Evidence before this study
Regulatory guidelines for antigen test (AT) performance generally require a balanced representation of low, mid, and high viral concentrations, though real-world sample distributions are highly variable. Previous studies often focus on sensitivity calculations, overlooking the impact of viral load distribution (Ct values) on results. Some studies use logistic regression to estimate the probability of positive agreement as a function of viral load, but no prior work has proposed adjusting sensitivity estimates based on a reference distribution of viral concentration.
Added value of the Study
This study presents a robust mathematical approach to adjust sensitivity estimates based on a standardized reference distribution of viral load, improving the precision of this key performance measure. By estimating the probability of positive agreement (PPA) as a function of viral load, we offer a more accurate assessment of AT product performance. We emphasize the importance of mitigating sample variability, showing how this method can enhance quality control and support regulatory oversight of antigen test performance.

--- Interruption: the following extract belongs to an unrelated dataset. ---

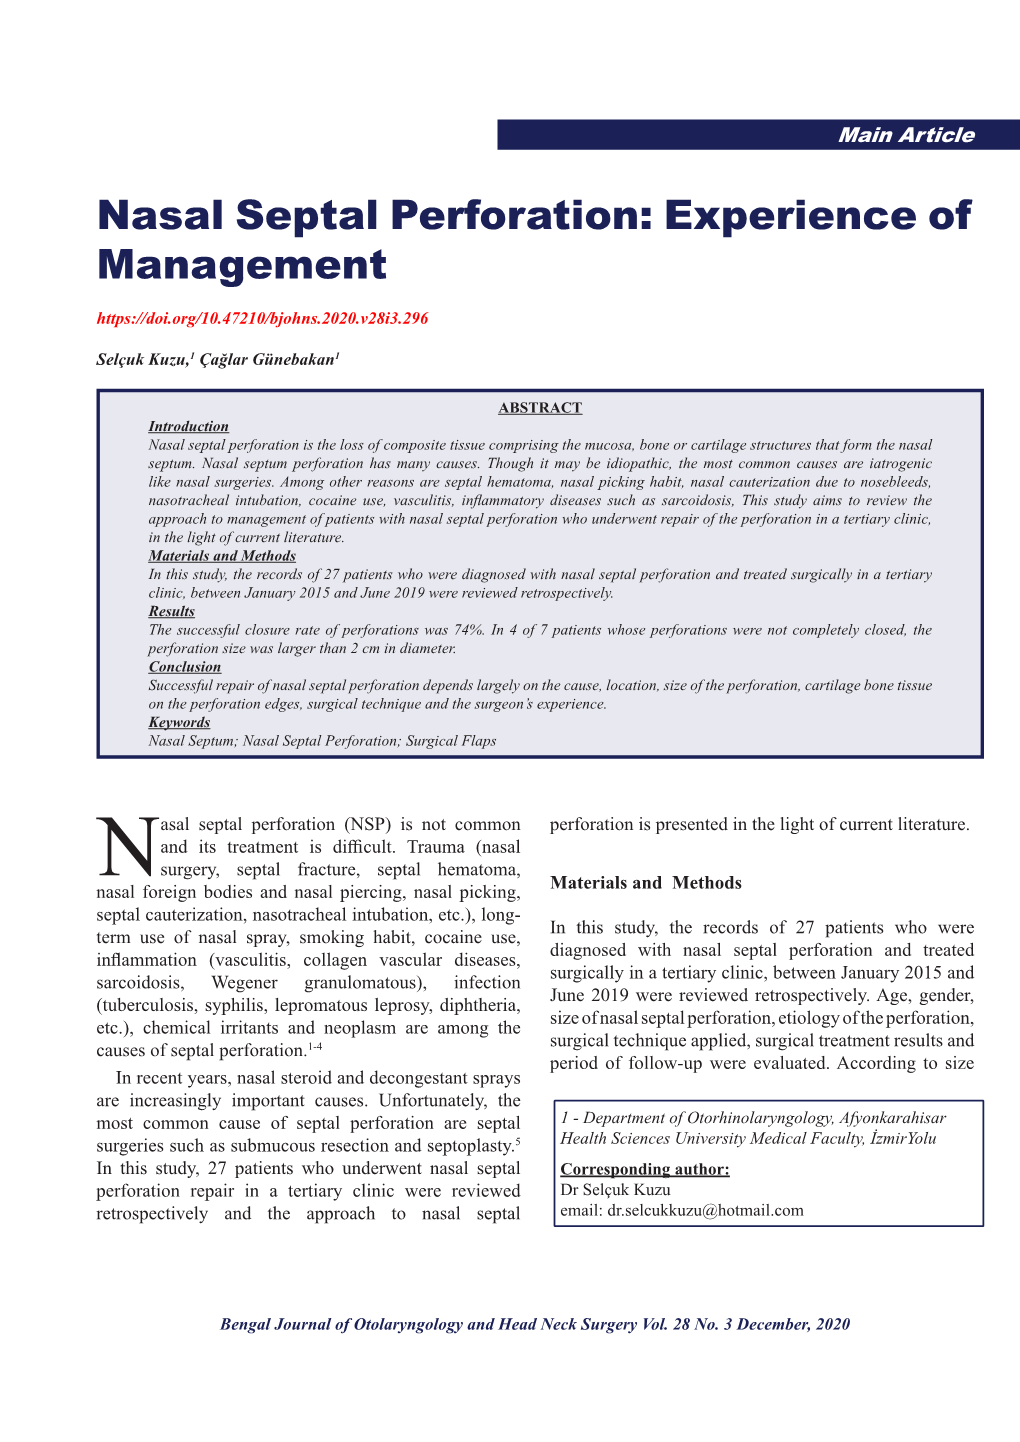 Nasal Septal Perforation: Experience of Management

Implications of all the available evidence
Our study underscores the limitations of calculating AT sensitivity directly from raw field data, which can lead to inaccurate evaluations. By applying our methodology, performance monitoring of ATs can be improved through standardized metrics, allowing for more reliable assessments. This approach helps both manufacturers and regulators establish clearer benchmarks for AT evaluation and comparison, addressing concerns about the sensitivity of antigen tests relative to gold-standard molecular methods. These improvements are critical for ensuring public confidence and regulatory accuracy in AT performance.